**Task requirements:** Return every line of the data below exactly, but do not include the images.

**Data segment:**
****************************************
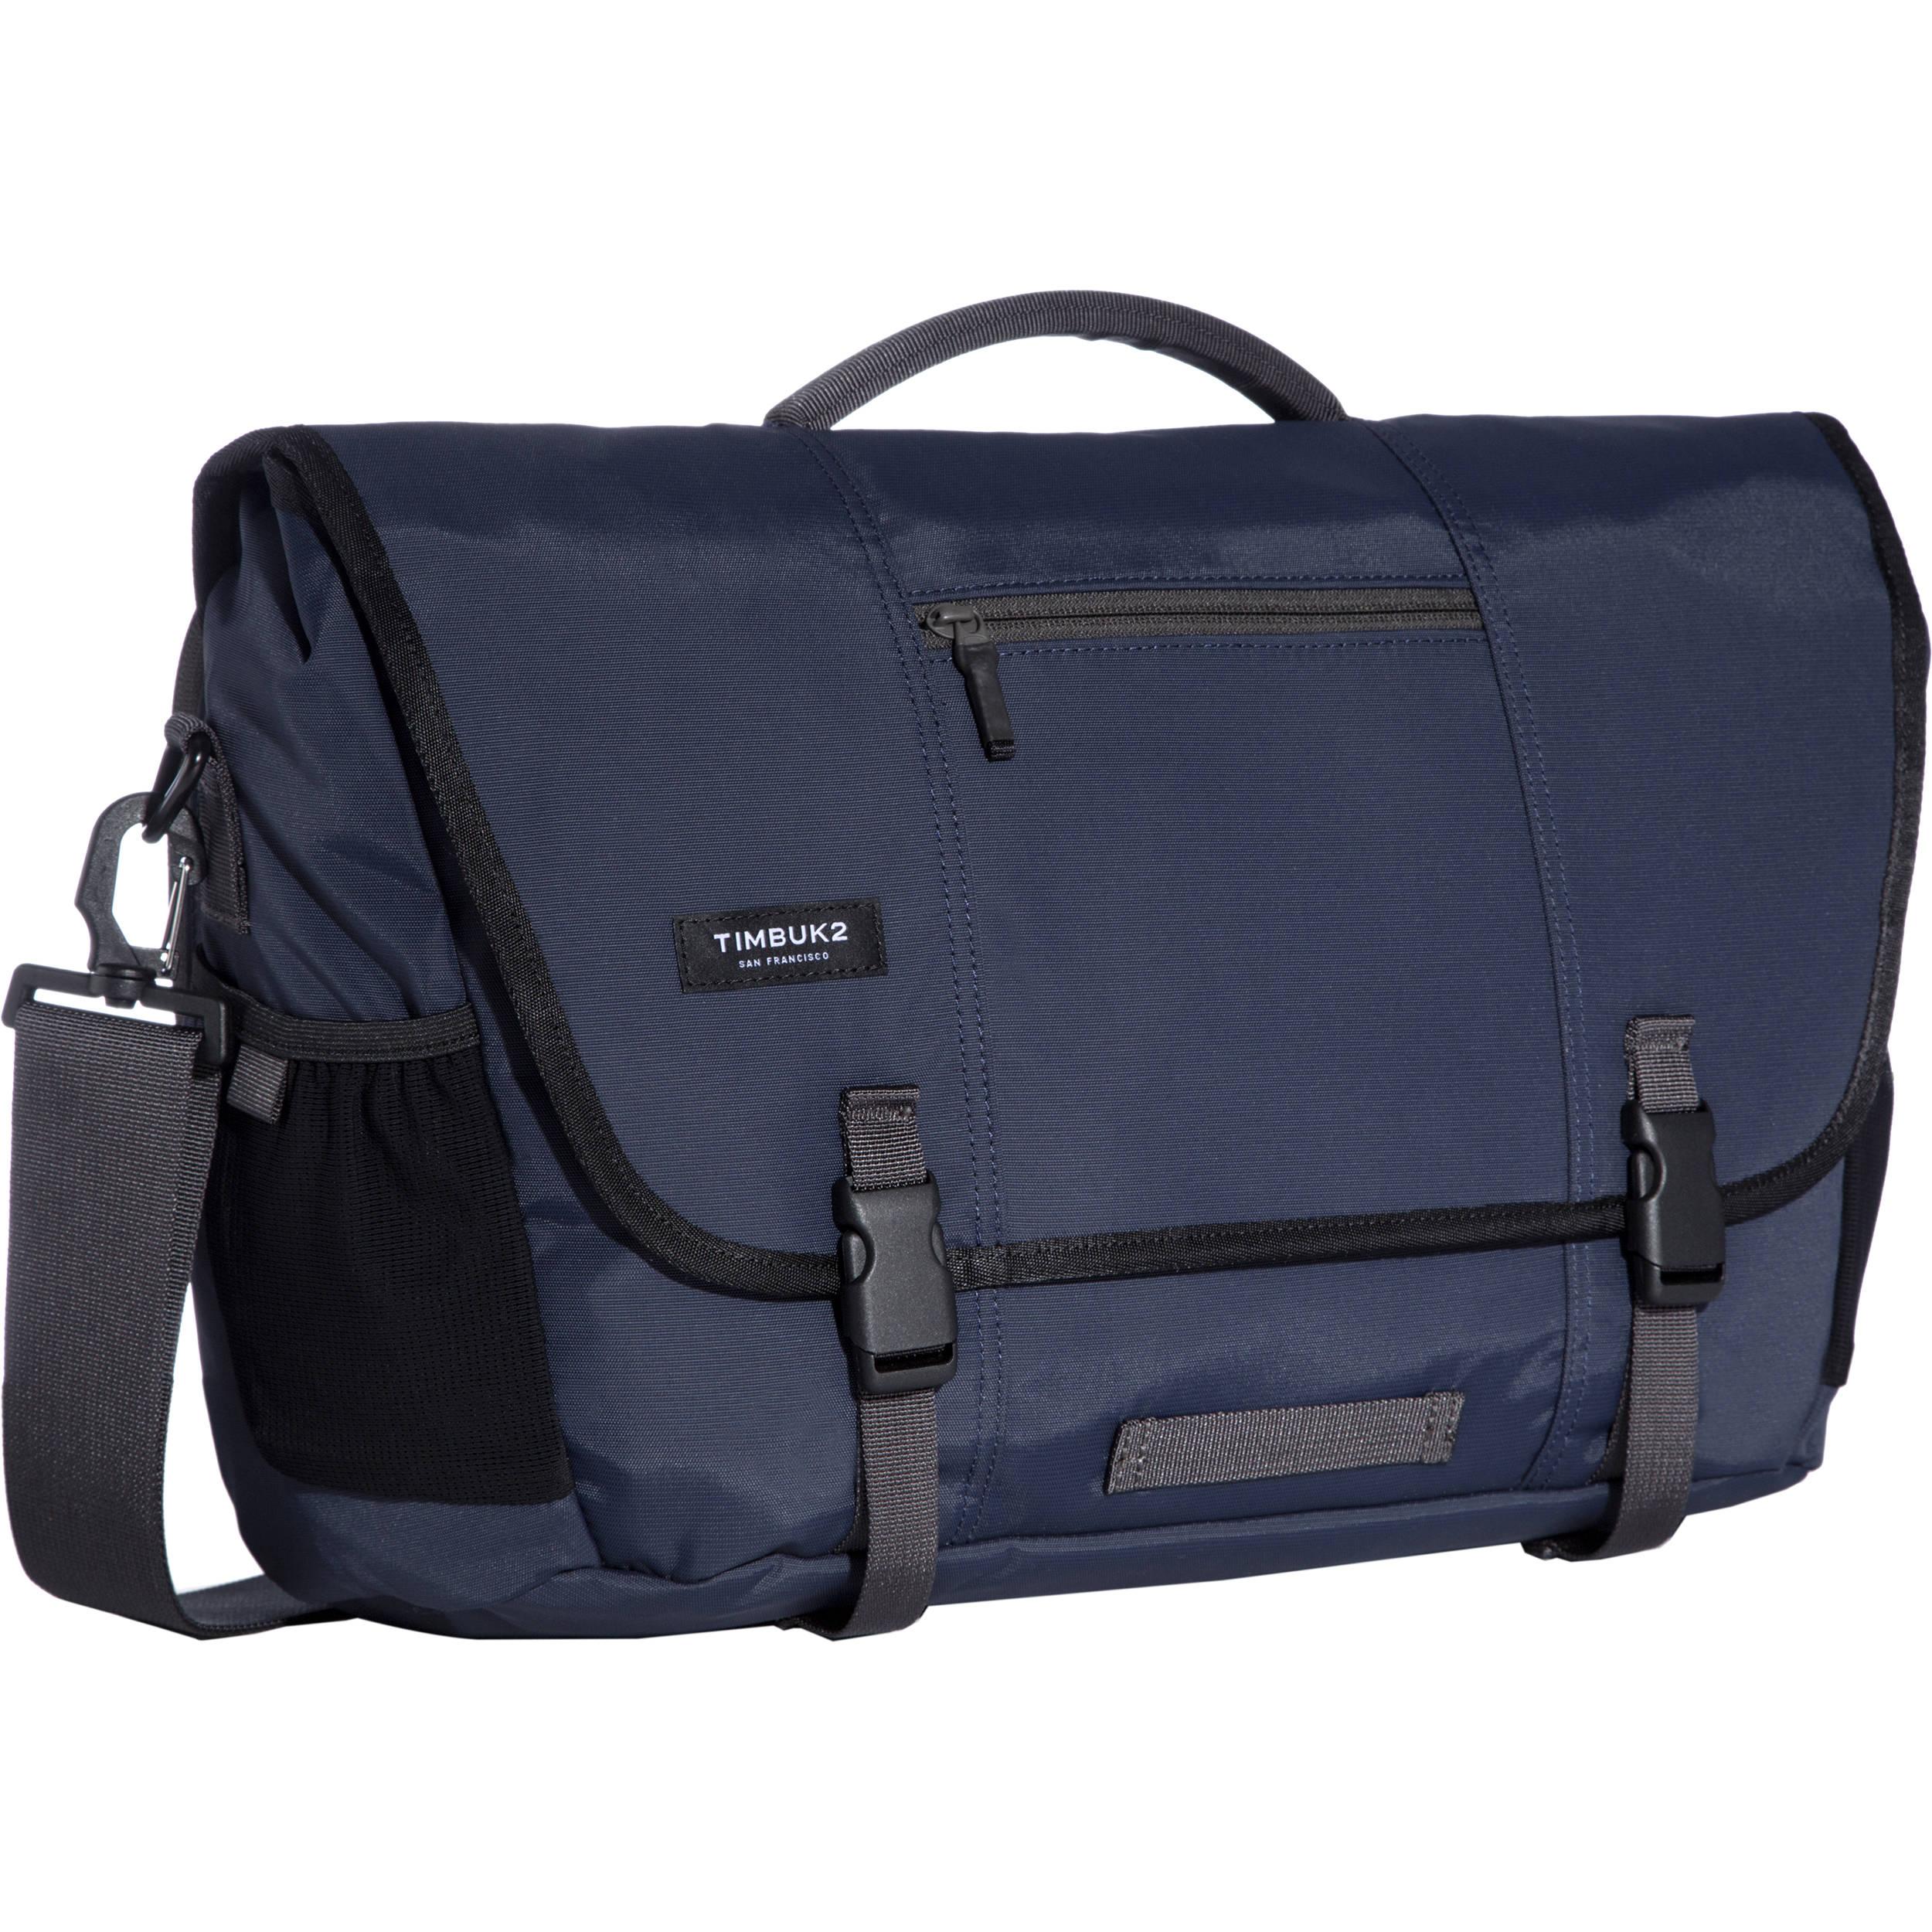 Massenger Bag
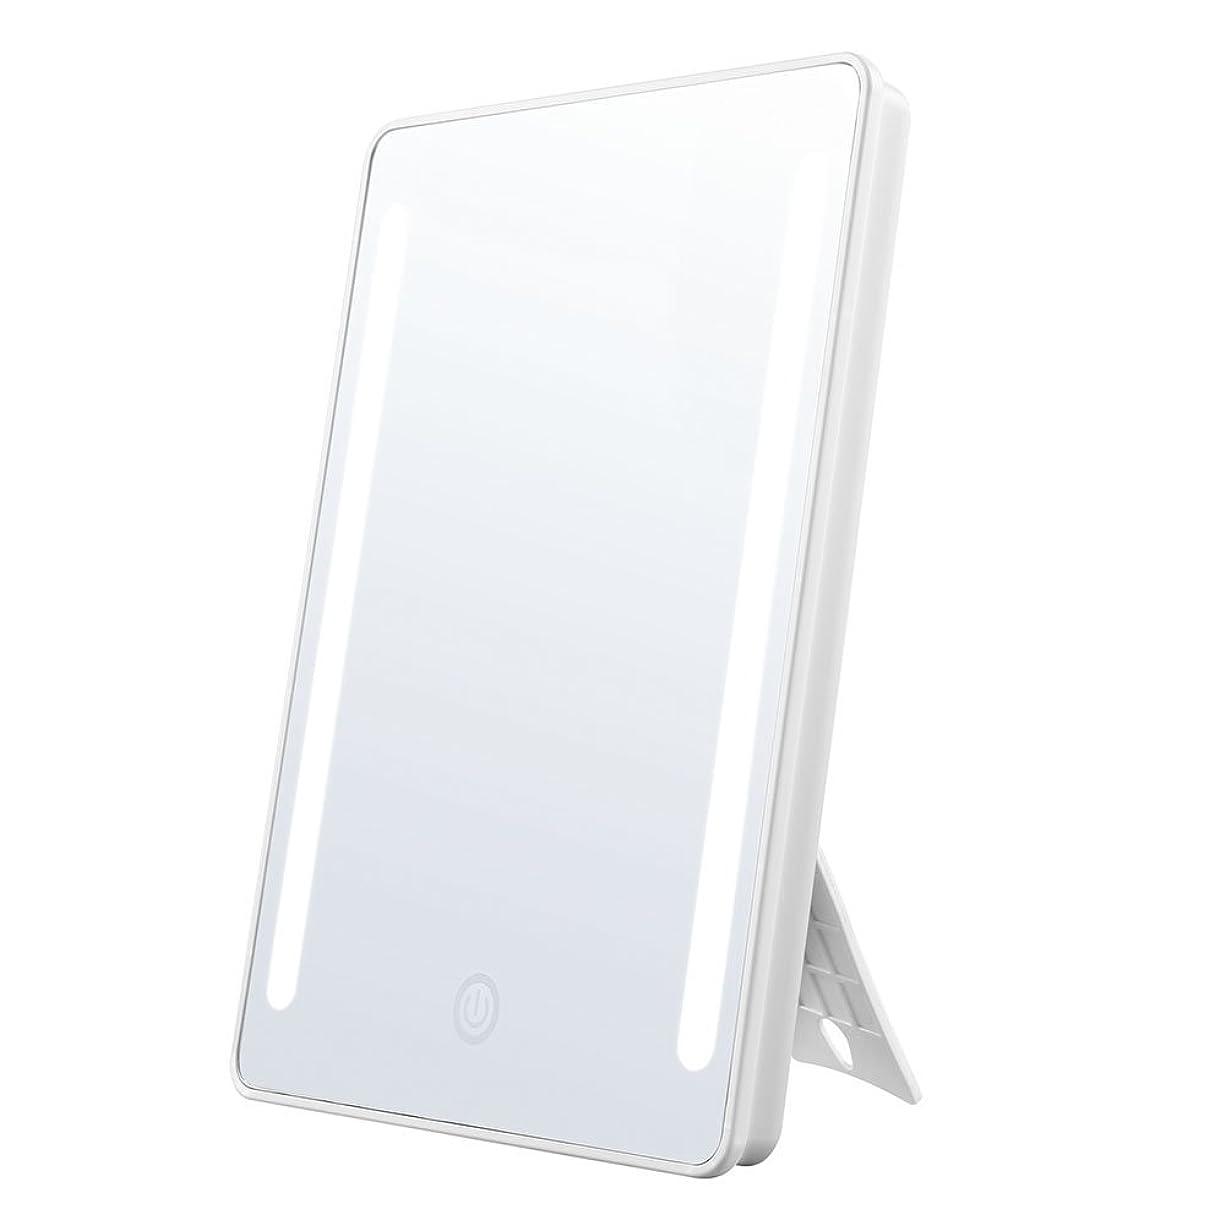 ささやきケイ素ゲートウェイJerrybox 鏡 化粧鏡 卓上鏡 大型 led 鏡 フルフレームLEDライト スタンドミラー 拡大鏡付き
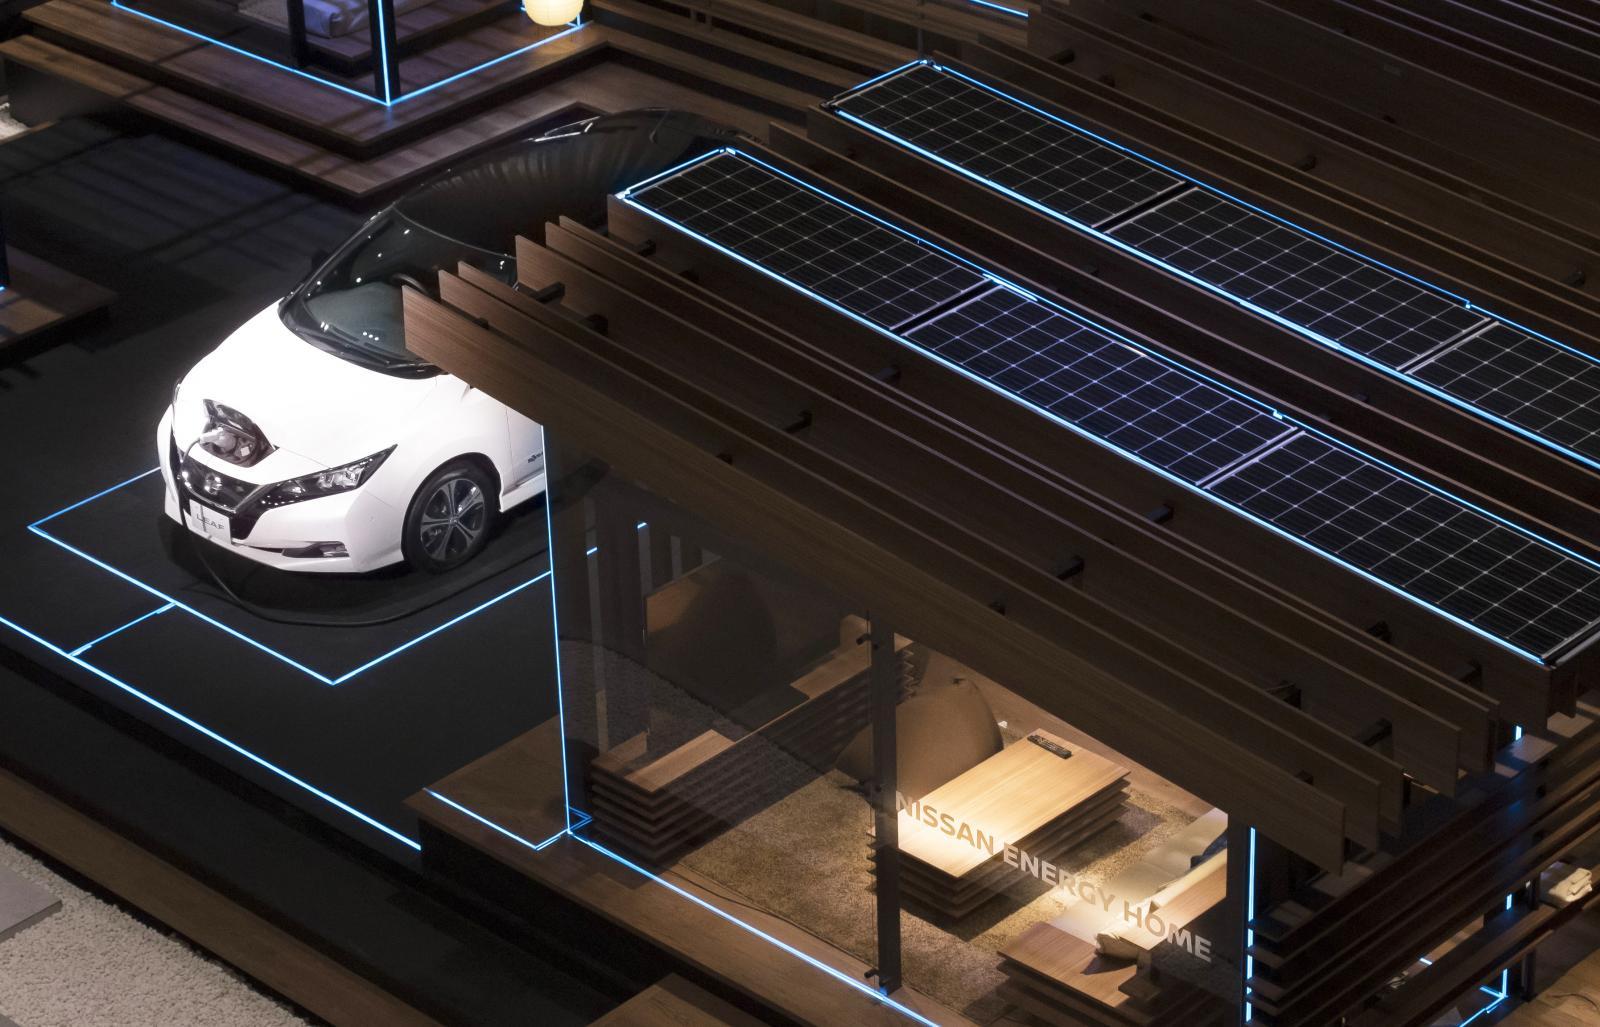 Nissan har visat upp ett smart hem med solcellspaneler och möjlighet att använda elbilen Leaf som ett extra batteri.
****************************************
**Response to the task:**
 Massenger Bag
 ささやきケイ素ゲートウェイJerrybox 鏡 化粧鏡 卓上鏡 大型 led 鏡 フルフレームLEDライト スタンドミラー 拡大鏡付き
 Nissan har visat upp ett smart hem med solcellspaneler och möjlighet att använda elbilen Leaf som ett extra batteri.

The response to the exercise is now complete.